You have simply defined “belief in a god” as a sign of desperation. Therefore you say that all theists are desperate.

Here you define a “spectrum of desperation” where at the lower end there is no desperation in any reasonable sense.

It makes no sense to call the lower end “desperation” if there is no indication of desperation.

It’s a useless definition.

Well at least here you have something observable at the 1% level. However, calling petty crimes “evil”, trivializes the word. Heck, even opening an egg on the “wrong” end can be called “evil” at some very small level. It all becomes very silly and fundamentally meaningless.

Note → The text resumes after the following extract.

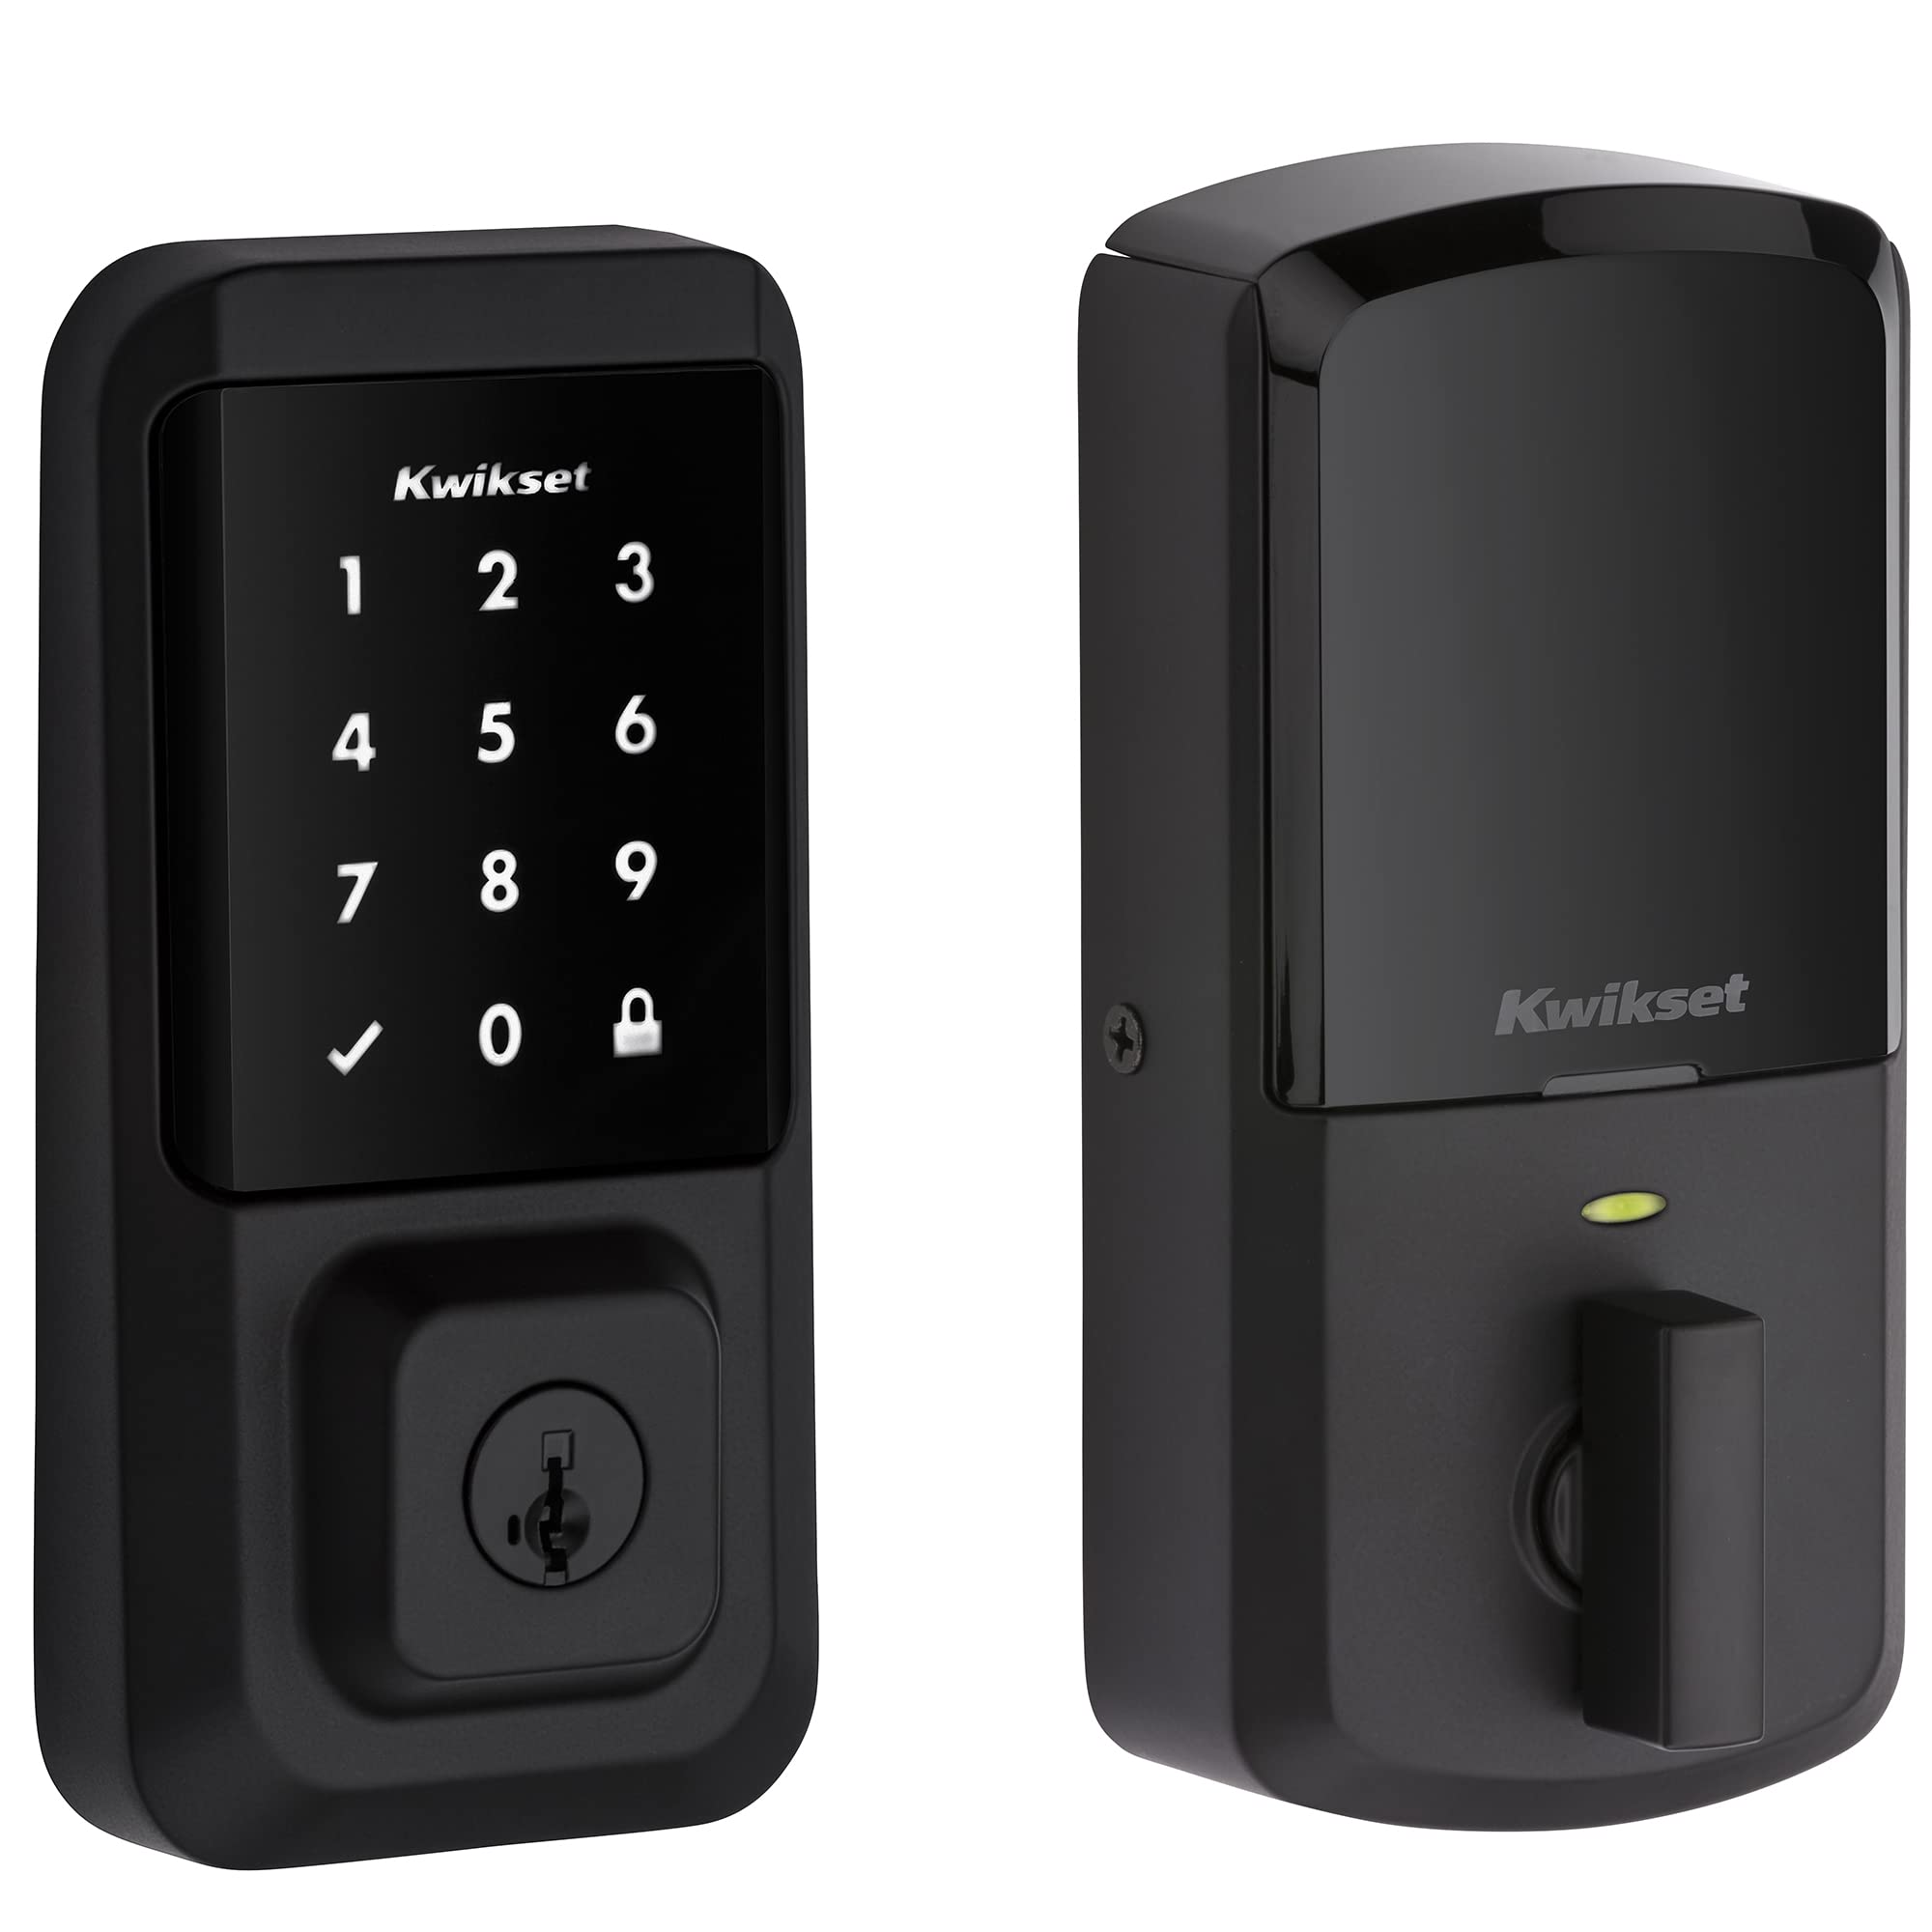 Kwikset 99390-001 Halo Wi-Fi Smart Lock دخول بدون مفتاح شاشة لمس إلكترونية ديدبولت تتميز بأمان SmartKey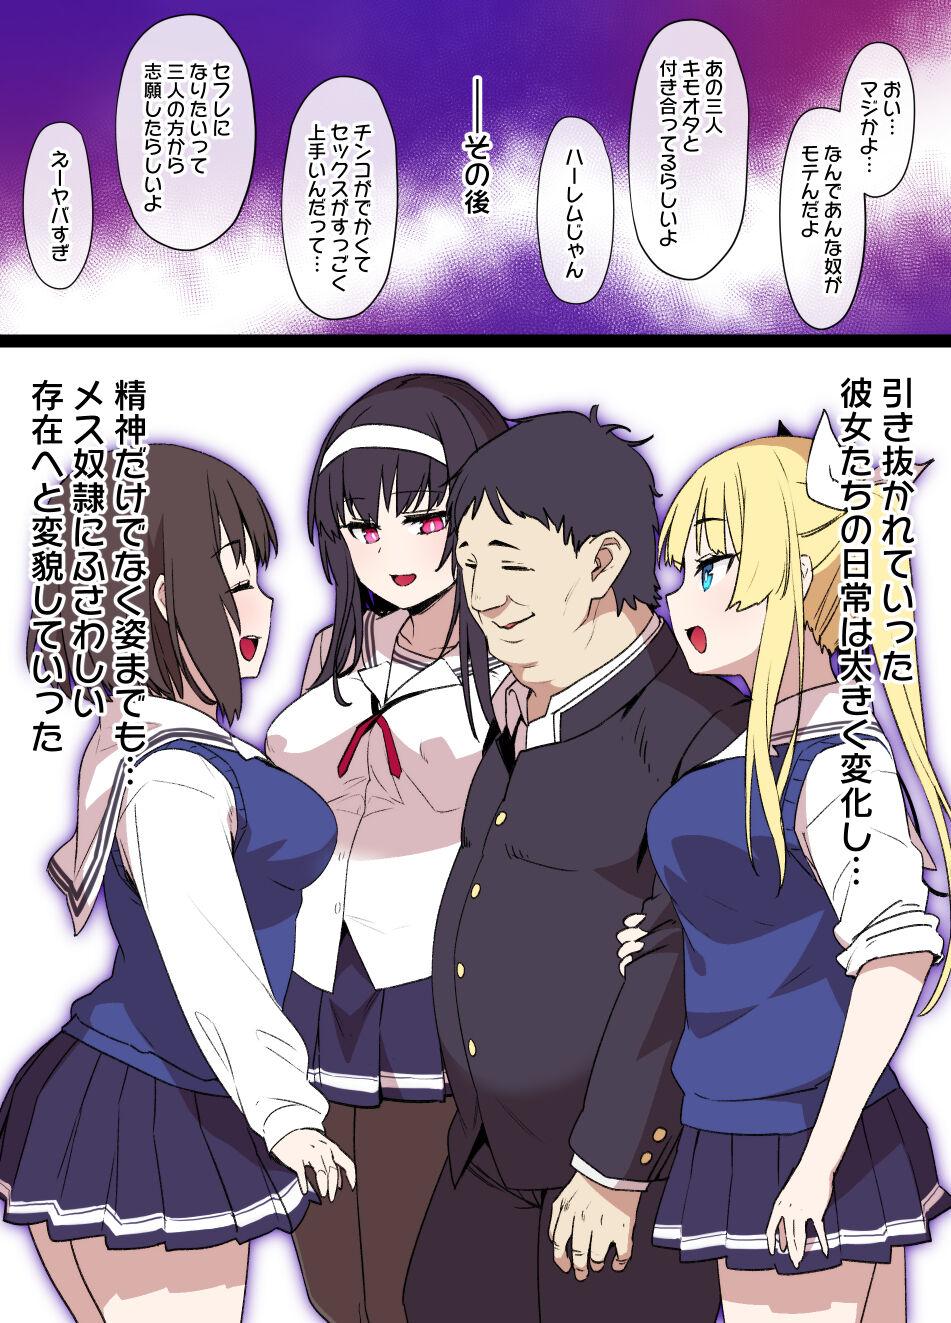 Rico [Kusayarou] Saekano NTR Manga 16P - Saimin Sennou & Bitch-ka (Saenai Heroine no Sodatekata) - Saenai heroine no sodatekata Banging - Page 10

I prefer words to have clear meanings.

Given your definition of psychological desperation, you think that all theists are psychologically desperate.

I don’t think that “belief in god” alone is enough to say that someone is psychologically desperate … there has to be more to it than that.

If those theists don’t show any signs of desperation, then they are not desperate. And they serve as a counterexample to your theory that theists are psychologically desperate.

A questionable example. That’s one story in a book. It may or may not have happened. Most theists would probably not act as Abraham.

The question is “loaded” with the idea that “there is no evidence”.

There are at least two answers :

Yours : Evidence is not required.

Mine : There is evidence. Therefore the question is not relevant.